These are the most common words by frequency within the two texts. Let’s also consider the words that show up in both:

intersects = []
for i in carnivalWords.keys():
  if i in frankenWords.keys():
    intersects.append(i)
print(intersects)
## ['one', 'eyes', 'like', 'see', 'night', 'still', 'human', 'would']

There are both similarities and differences in these word lists. Both have words that, while not exactly stopwords, aren’t very interesting. For example ‘back’, and ‘around’ are high scoring words in ‘Carnival Row’ that don’t tell us much. But there are a lot more filler words in Frankenstein: ‘could’, ‘would’, ‘upon’, and ‘among’. One thing that this tells us in comparing these texts is that the novel has more filler words. This makes sense and is what we’d expect.

Names of characters place highly in both texts. In ‘Carnival Row’ we see a bunch of names, like ‘philostrade’,‘vignette’, ‘tourmaline’, and ‘alcandre’. In Frankenstein we see names like ‘elizabeth’,‘clerval’, and ‘justine’. Names appear more often in ‘Carnival Row’ than in Frankenstein, mainly because they are used within the script to show who is doing what. Within Frankenstein names are usually used when characters are addressing each other.

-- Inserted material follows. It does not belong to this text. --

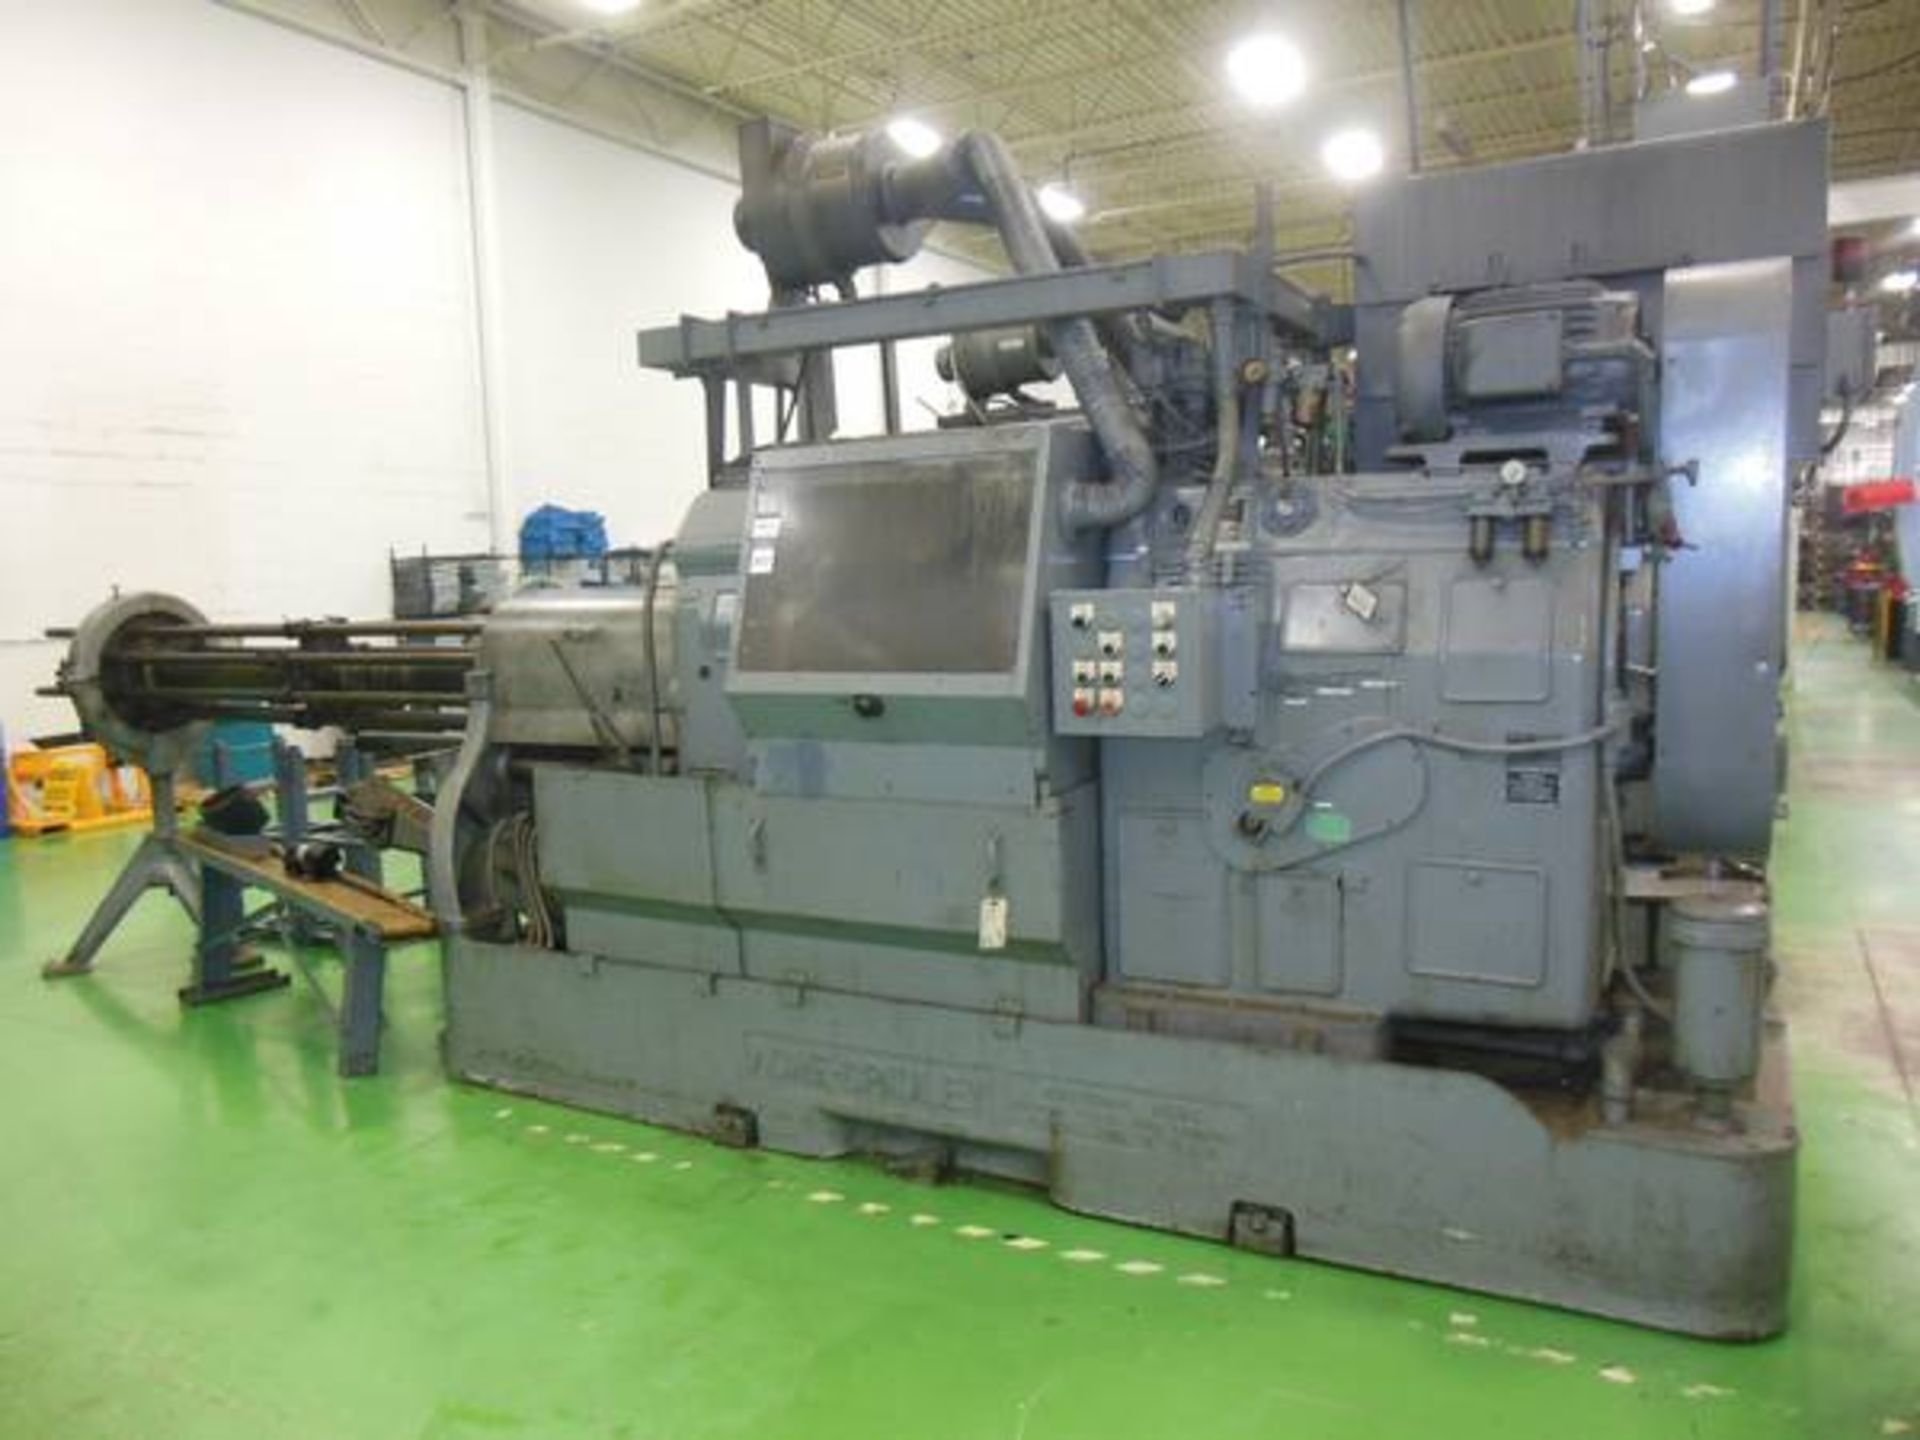 Acme Gridley Model RBC-8 1-1/4" Automatic Screw Machine; Serial Number: AM-40842; with 8-Spindles,

An interesting selection of words are those that are dealing with age and kind or station of person. In ‘Carnival Row’ we see the kinds of people represented in this story: ‘faerie’,‘human’,‘young’,‘police’, and ‘mayor’. These are associated with characterization in the story. In Frankenstein we see ‘human’ in the top 70 words, though we don’t see ‘creature’–that occurs in the top 100. But we have more identifiers of age and station: ‘man’,‘father’,‘friend’, and ‘old’.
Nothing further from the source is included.